The actual effect is similar to a mass participation content creation contest. Users compete to study the project, publish in-depth analysis or unique insights, aiming to reach the ranking to gain returns; the project team gains a large amount of high-quality UGC (user-generated content) at a relatively low cost (such as promising token airdrops or prizes for top-ranking users). These contents are shared by users on public platforms like Twitter, often having more dissemination power and persuasiveness — after all, this is not cold advertising, but the real voices of community members (even with incentive factors, the content is user-created). This model is called "Proof-of-Attention" in the social version: those who rank high on the leaderboard are seen as providing high-value information, thus receiving deserved rewards.

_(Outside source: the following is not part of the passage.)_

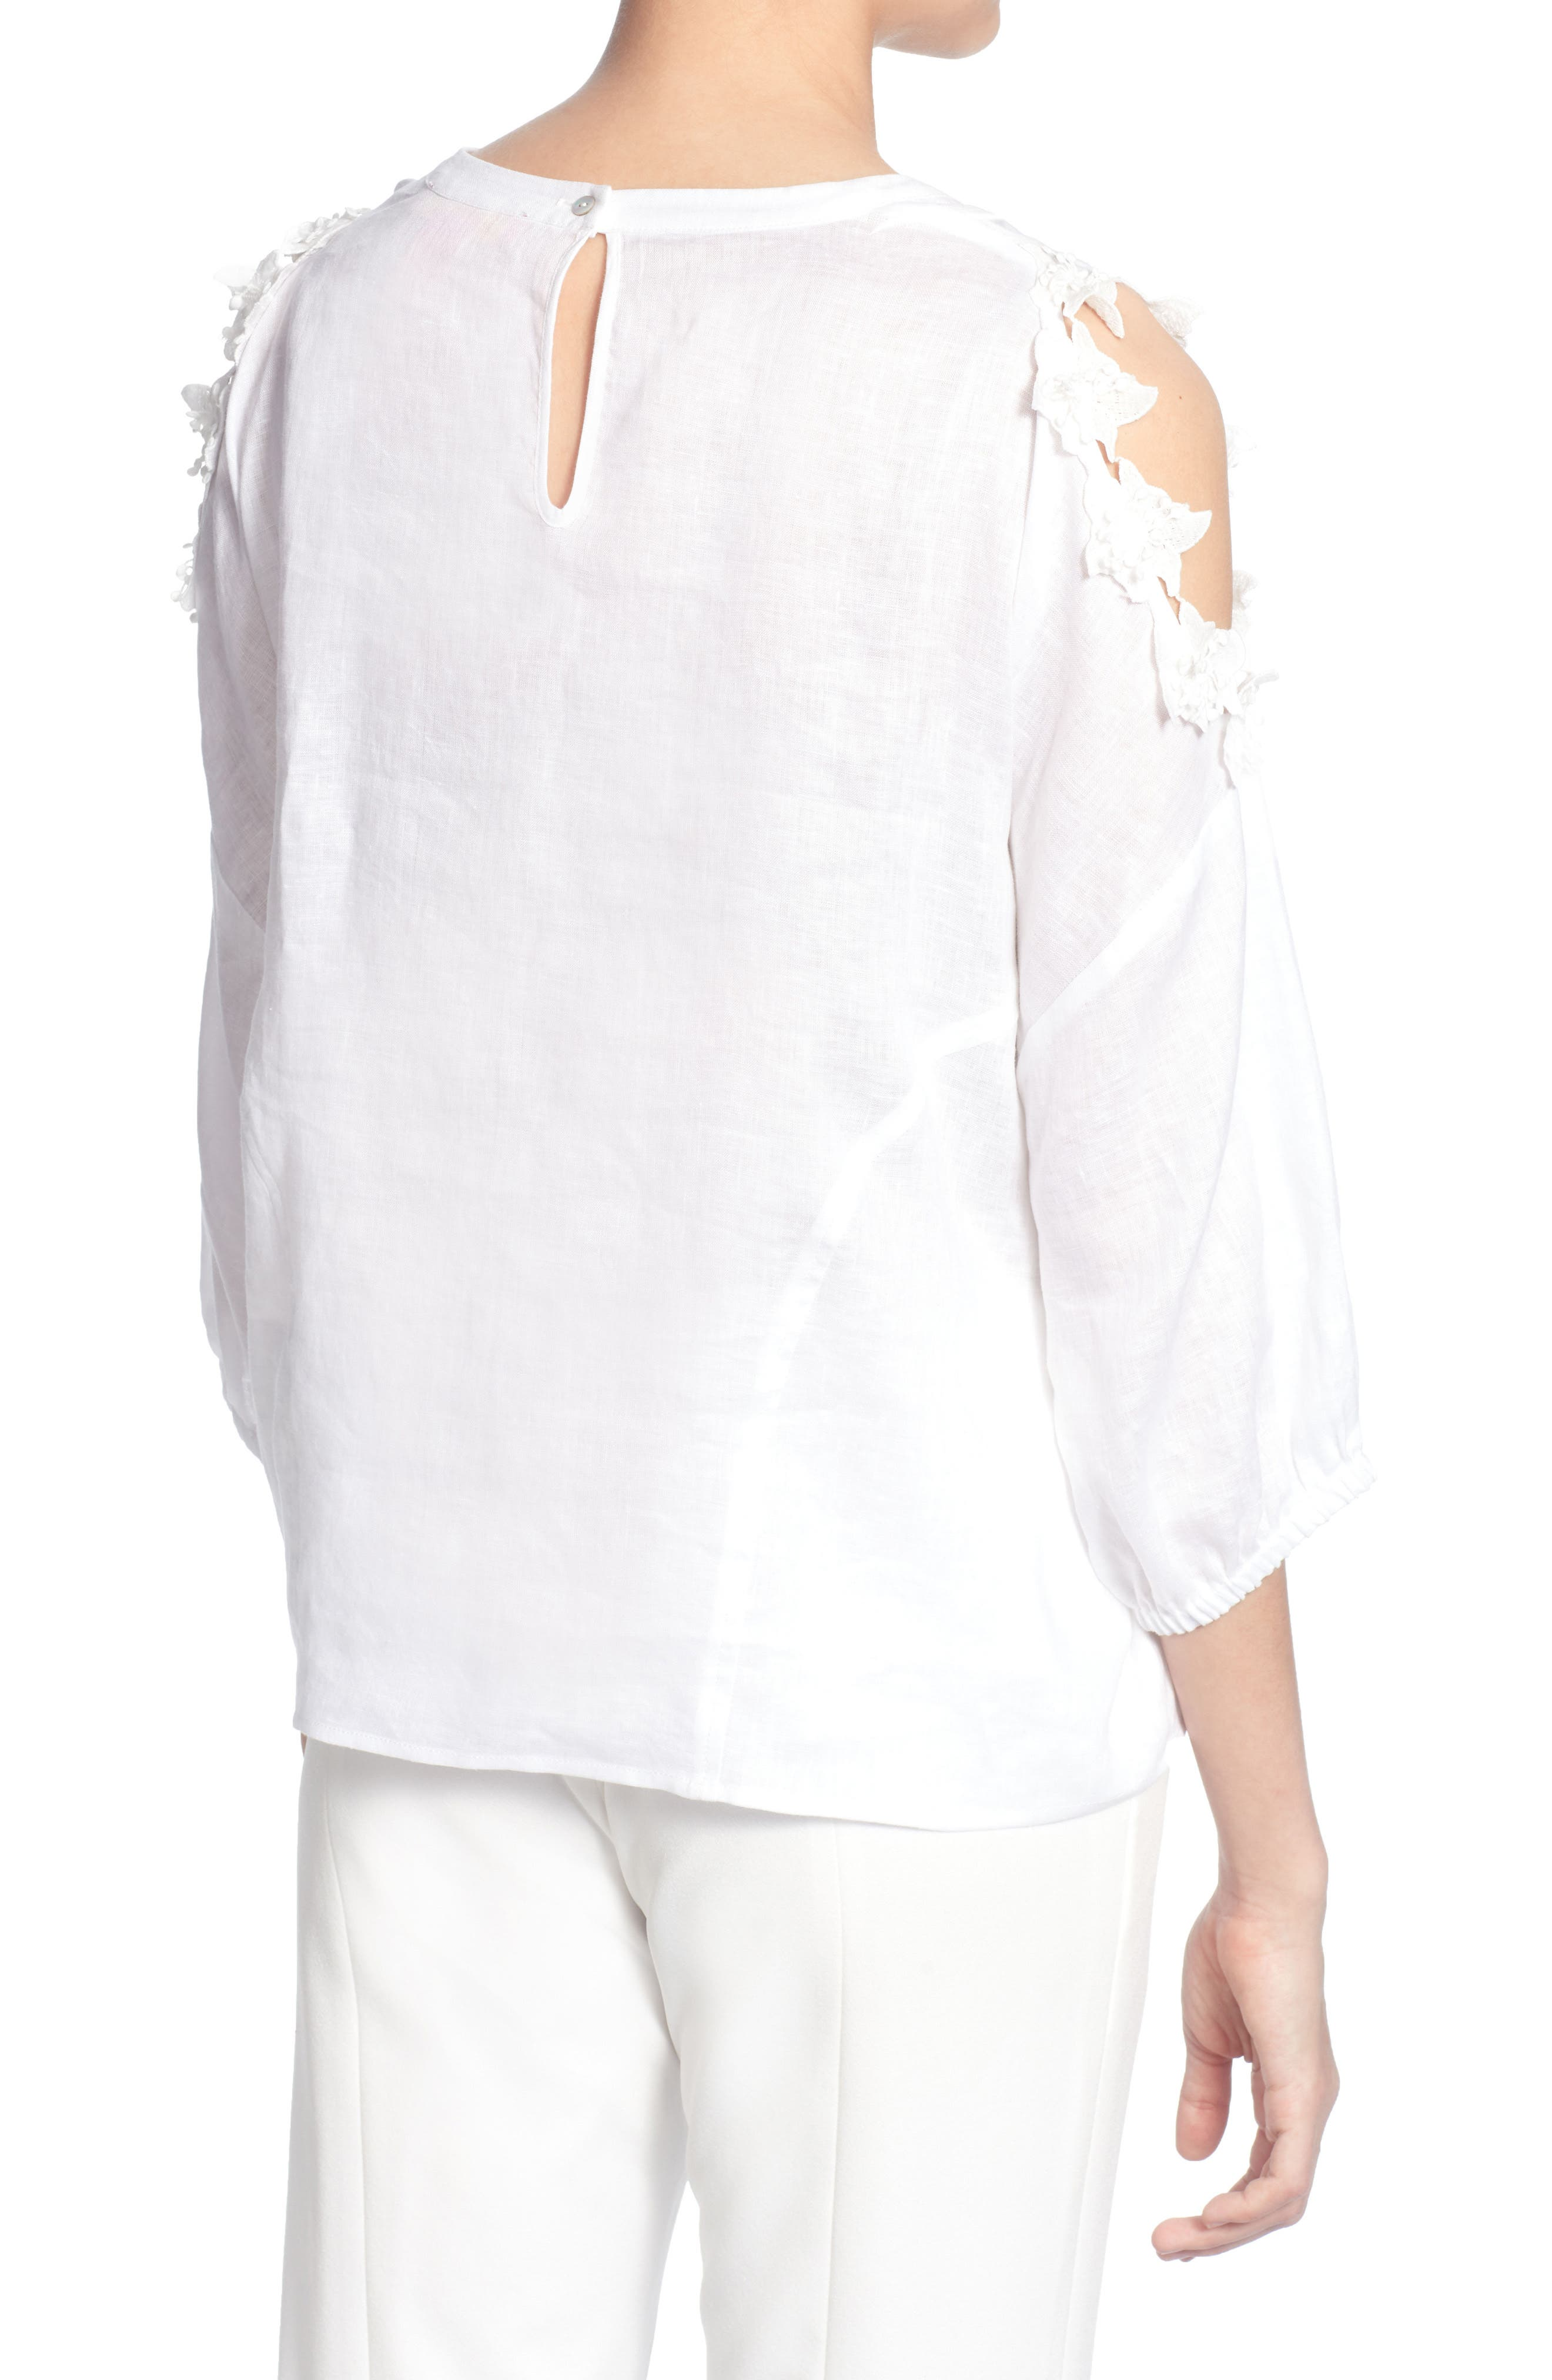 Priya Cold Shoulder Top,                             Alternate thumbnail 2, color,                             Bright White
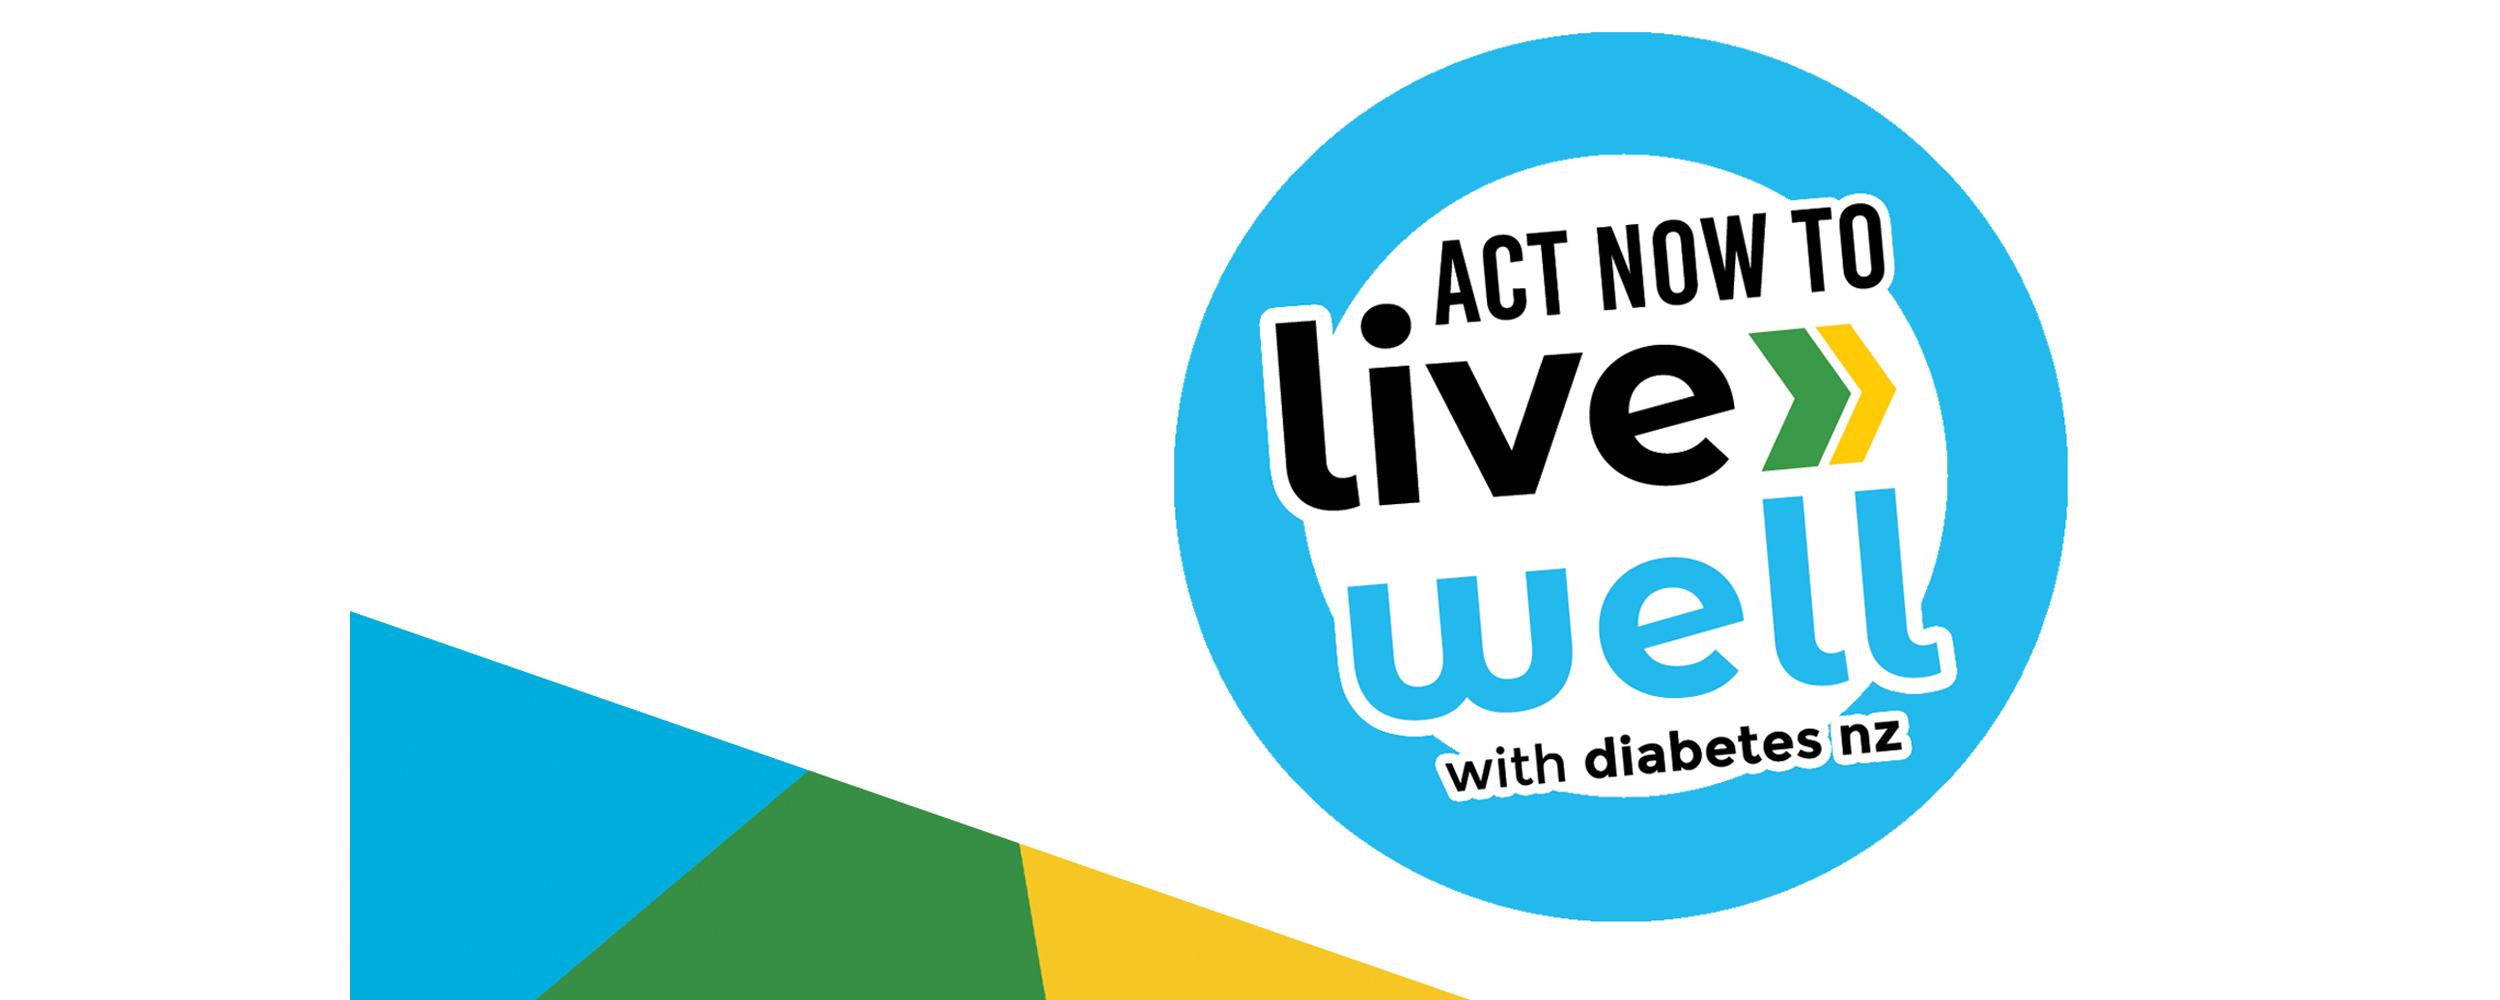 dam-act-now-banner.jpg

Whether this approach is labeled as InfoFi or SocialFi, it is actually reshaping the way projects are propagated. Marketing is no longer entirely dominated by centralized teams, but becomes a community-driven collective creation. The role of the project team also changes from traditional ad sponsors to initiators and reward providers of community activities.
In the InfoFi ecosystem, the role of traditional crypto KOLs also changes. On one hand, top KOLs still play a significant role: for example, figures like Vitalik, jesse.base, etc., still rank highly on the Yapper leaderboard, indicating that those with genuine insights and a large following can still lead the topic. On the other hand, these KOLs now face an open competition environment: every time they speak, their performance is objectively recorded and scored by the algorithm, with scores clearly visible. For genuine KOLs with valuable content, this is a positive incentive; however, those who previously relied solely on fame without producing substantial content may see their influence gradually weakened in the InfoFi mechanism. Because if they only post advertisement posts and don't get points, and don't actively participate in discussions, their ranking on the leaderboard will drop and they will be seen as "without substance." As a result, KOLs are forced to be more proactive and sincere in participating in community discussions, otherwise they may be overtaken by others.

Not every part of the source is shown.